Exercise directions: Nothing outside the range below should be printed. Output exactly the lines from the line with "Ponzu Sauce goes" to the line with "Students hands working on an engine", both included.

Recorded information below:

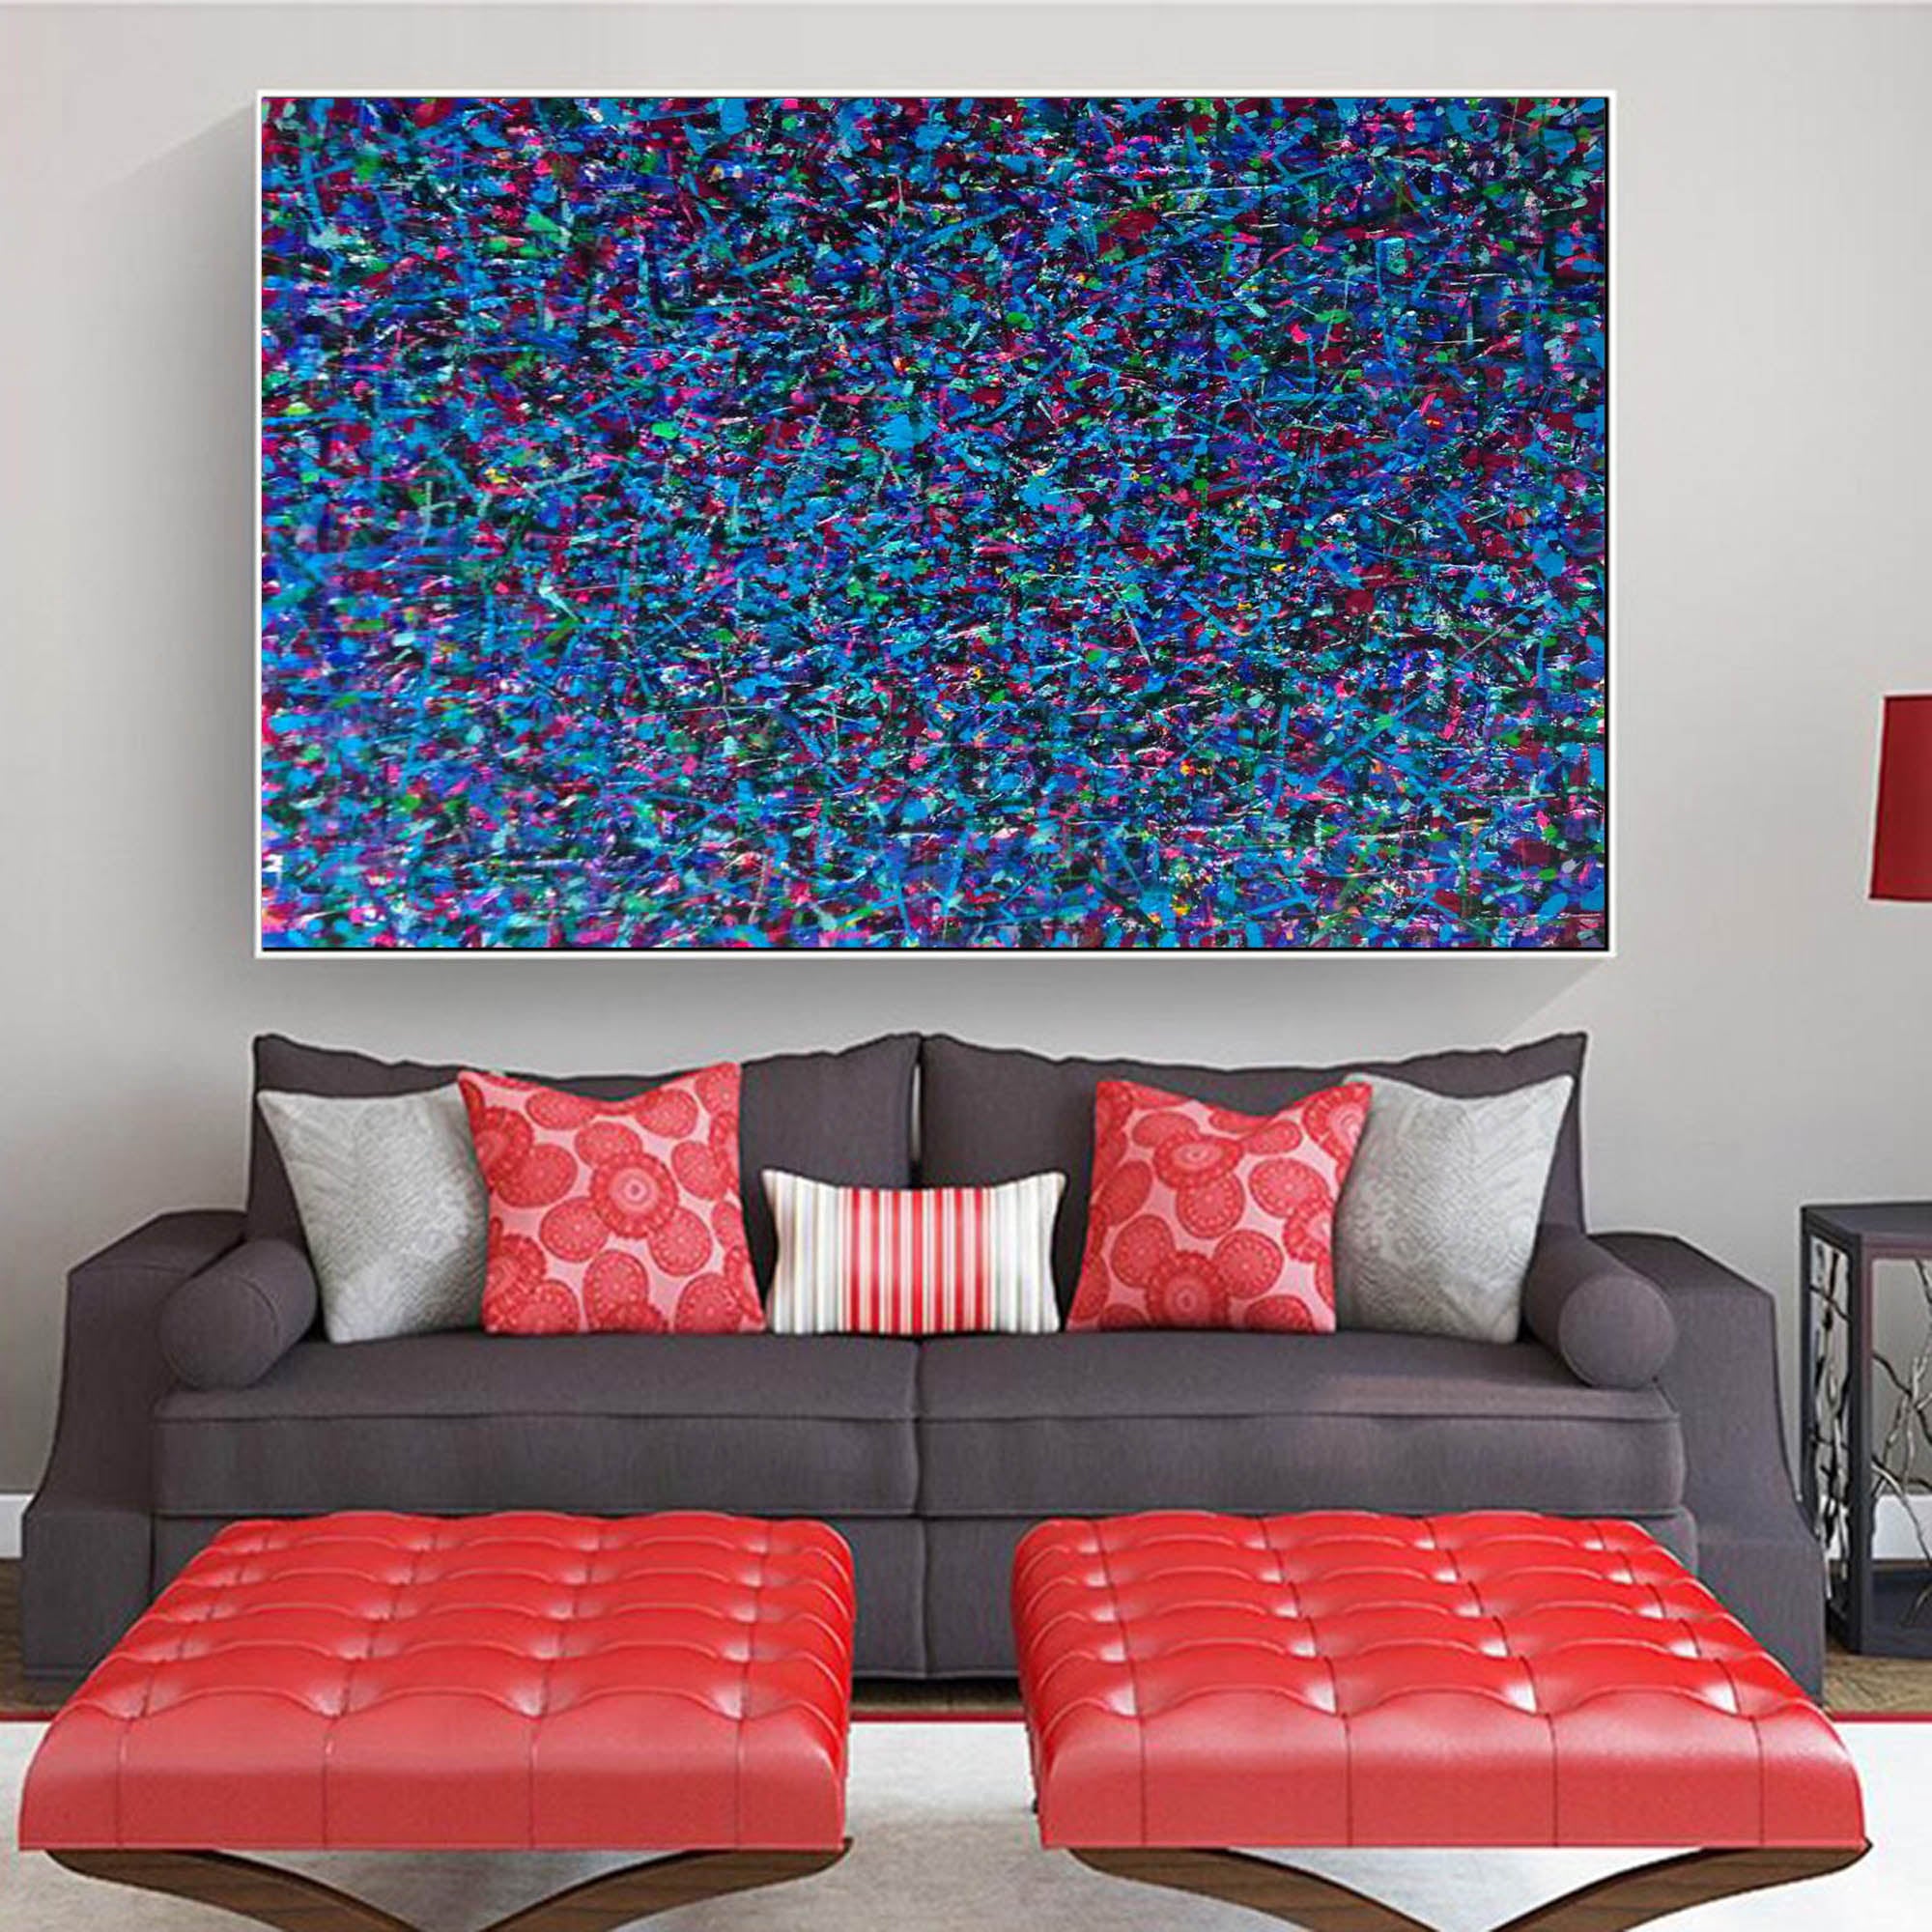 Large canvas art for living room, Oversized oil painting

End of Recorded information.
Recorded information below:

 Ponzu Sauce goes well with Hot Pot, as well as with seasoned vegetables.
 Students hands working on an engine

End of Recorded information.
Recorded information below:

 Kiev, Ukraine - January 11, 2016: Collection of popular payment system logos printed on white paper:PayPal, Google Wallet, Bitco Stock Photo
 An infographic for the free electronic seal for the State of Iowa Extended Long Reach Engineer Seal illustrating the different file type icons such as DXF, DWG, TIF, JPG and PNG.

End of Recorded information.

Task answer:
 Ponzu Sauce goes well with Hot Pot, as well as with seasoned vegetables.
 Students hands working on an engine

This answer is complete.